For data preparation and data transformation, we do not need to use a GPU instance such as p2 and p3. Instead, we can start much cheaper instances like t2.large instance with 1.0TB EBS volume.

For distributed training, we need to use multiple GPU instances like p2, p3, g3 and g4.

You can skip step 1 if you do not want to invent the wheel again because I have stored everything in my s3 bucket.

s3://dataset-image/imagenet/raw (raw jpeg)
s3://dataset-image/imagenet/tfrecord (TFRecord before resizing)
s3://dataset-image/imagenet/tfrecord-resized (TFRecord after resizing to 224x224)
s3://dataset-image/imagenet/recordio (RecordIO after resizing to 256x256)
- The reason I did not resize 224x224 is that the below article shows different validation accuracy for resizing strategy.
- https://forums.fast.ai/t/impact-of-image-resizing-on-model-training-time-and-performance/1980

Please let me know if you want to access the bucket because I did not grant any public access.
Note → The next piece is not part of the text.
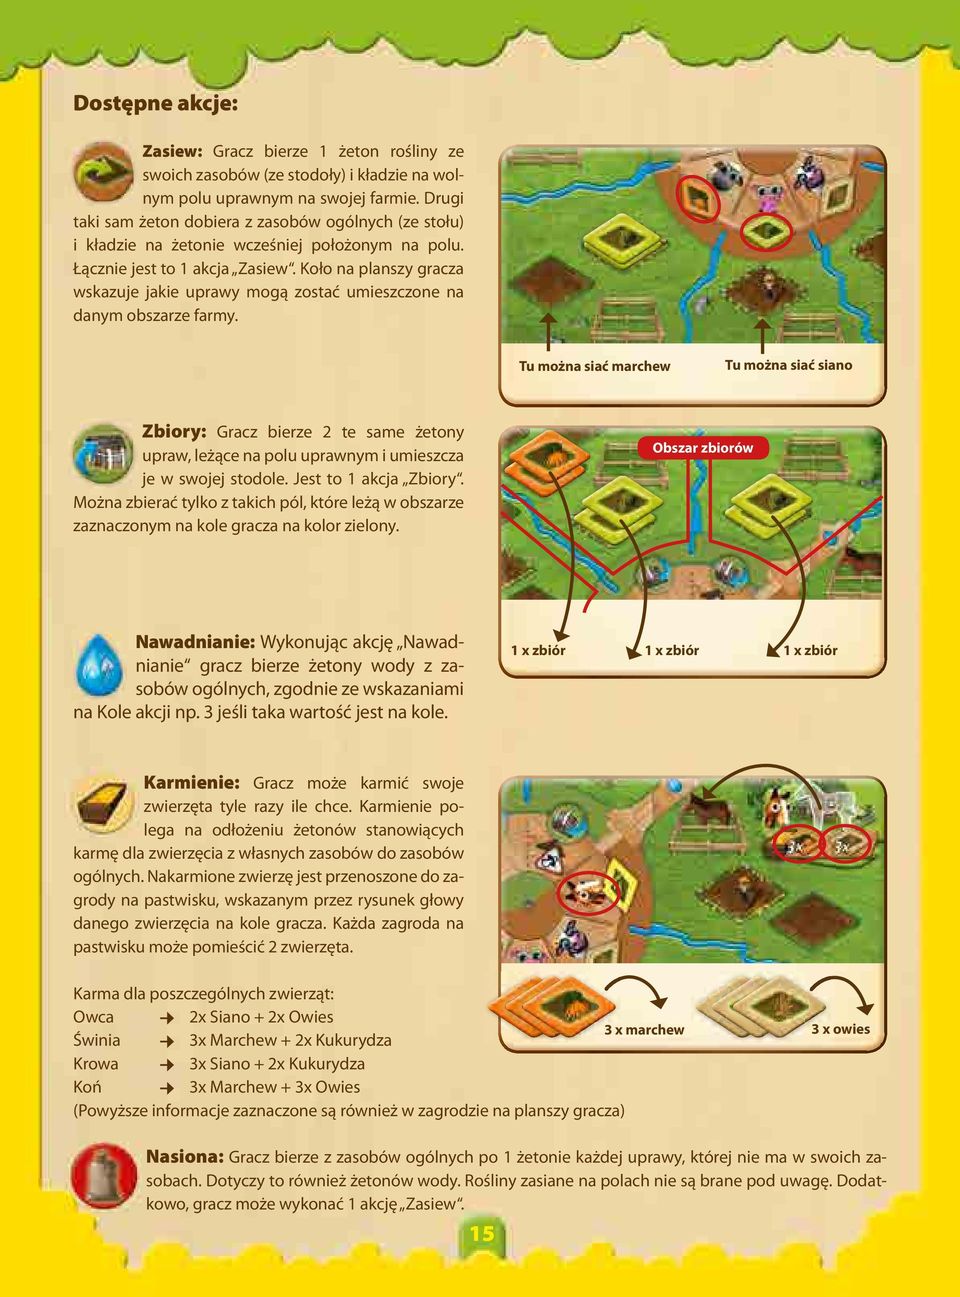 Koło na planszy gracza wskazuje jakie uprawy mogą zostać umieszczone na danym obszarze farmy.

Step 1. Downloading and Transformation

Setting up an EC2 instance for Data Transformation

Create an EC2 instance for storing ImageNet dataset (Ubuntu 18.04 or 16.04. Linux is also available). t2.micro is also available, but t2.large is recommended due to memory size. Note that we do not need large storage size since we will make another EBS volume to attach the EC2 instance.

Create an EBS volume (1.0TB) for ImageNet dataset and then attach the volume it to your EC2 instance. ImageNet consists of 138GB for training set and 6.3GB for validation set, but we need an additional space since we need to extract tar files as well as need to transform it to the feature sets like TFRecord and RecordIO. Here is an example command using AWS CLI.
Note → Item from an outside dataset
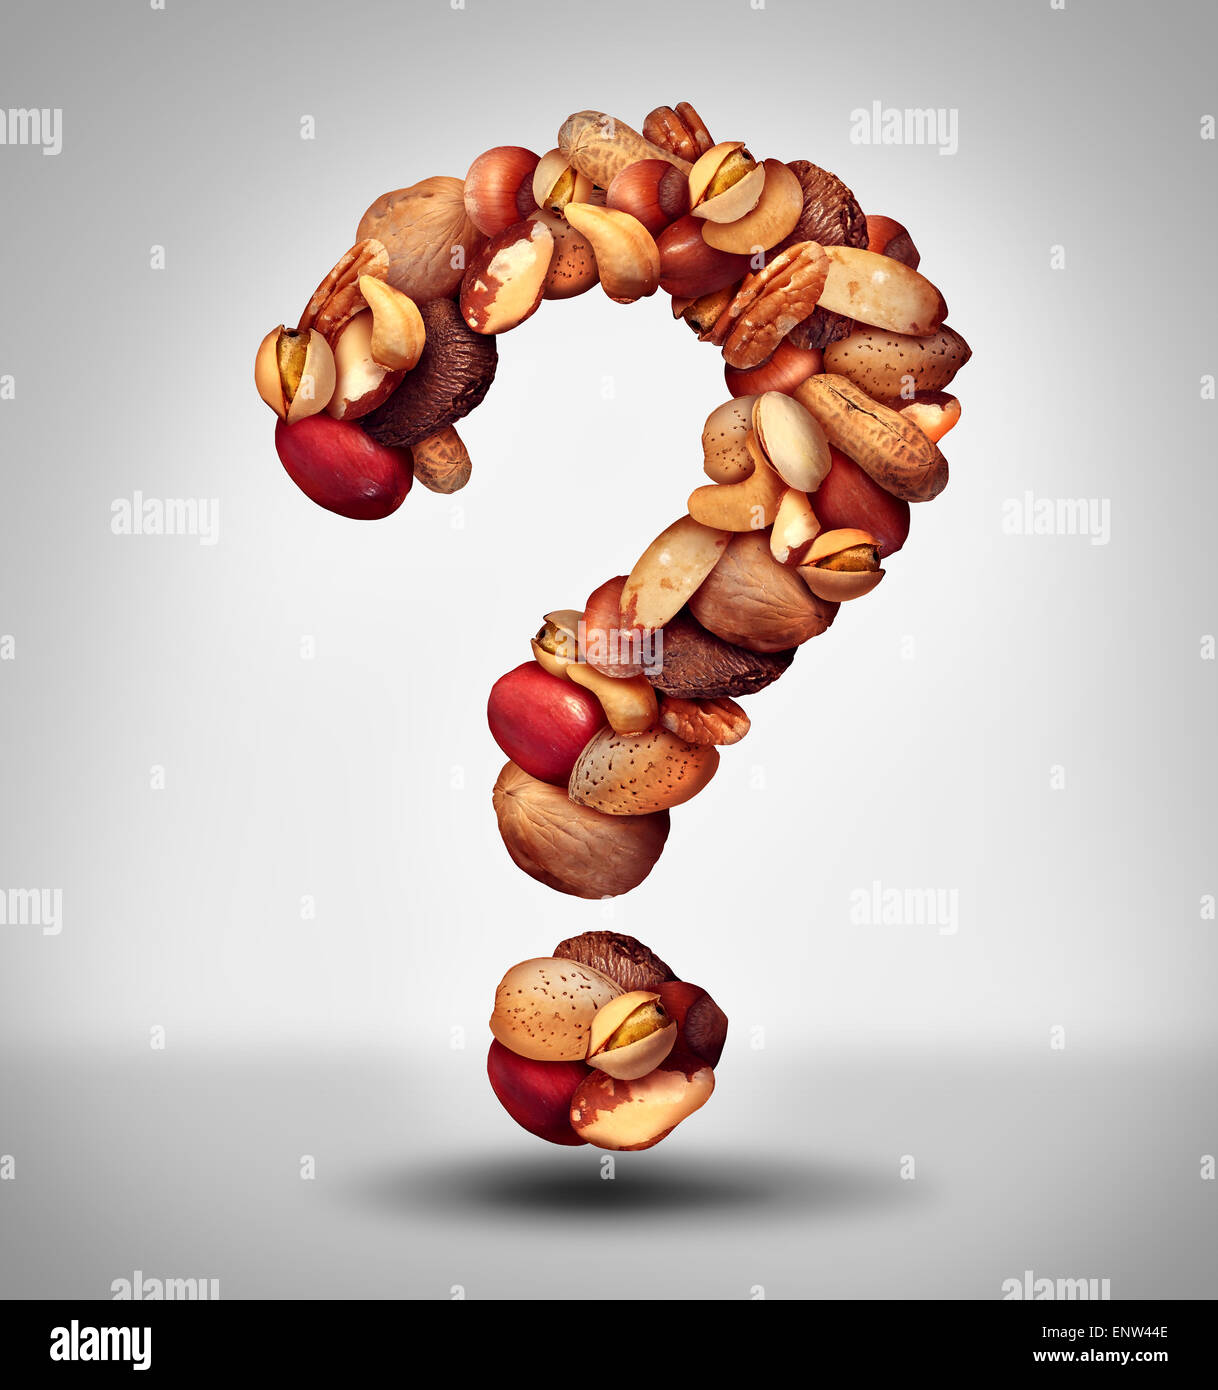 Eine gemischte Auswahl an Samen und Pecan mit Walnuss-Paranuss-Erdnuss, Haselnuss, Pistazie Mandel und Cashew-Nuss Fragezeichen Stockfoto

  $ aws ec2 create-volume \
  --size 1000 \
  --region [YOUR_AWS_REGION] \
  --availability-zone [YOUR_AZ> \
  --volume-type sc1 \
  --tag-specifications 'ResourceType=volume,Tags=[{Key=Name,Value=ImageNet}]'

  $ aws ec2 attach-volume \
  --volume-id vol-[YOUR_EC2_volume_id] \
  --instance-id i-[YOUR_EC2_instance_id] \
  --device /dev/sdf

Format the EBS volume, mount it on /data, and then change the owner to ec2-user:ec2-user. You may refer to https://docs.aws.amazon.com/AWSEC2/latest/UserGuide/ebs-using-volumes.html if you do not know how to mount it.

Download MXNet repository and TensorFlow models repository.

  $ cd /data
  $ git clone https://github.com/tensorflow/models.git
  $ git clone https://github.com/apache/incubator-mxnet.git 
  # or, you can just type `pip install mxnet`

[Optional] For your convenience, use symbolic link such that:

[Important Step] You need to install OpenCV also. (Both 3.x and 4.x work well). If you do not install OpenCV, then you cannot convert ImageNet raw data to RecordIO files since im2rec.py utilizes some OpenCV functions. You may refer to https://www.pyimagesearch.com/2018/08/15/how-to-install-opencv-4-on-ubuntu/.
[Caution] I strongly recommend to use Python2 instead of Python3 because many codes of Tensorflow models repository does not work on Python3. Please refer to https://stackoverflow.com/questions/38546672/inception-build-imagenet-data-py-typeerror-rgb-has-type-class-str-but-ex.

Downloading ImageNet

Please note that ImageNet server is sometimes unstable so download speed is not fast, taking 4 to 5 days.

Method 1

Go to http://www.image-net.org/, sign up, and get your own username and access key.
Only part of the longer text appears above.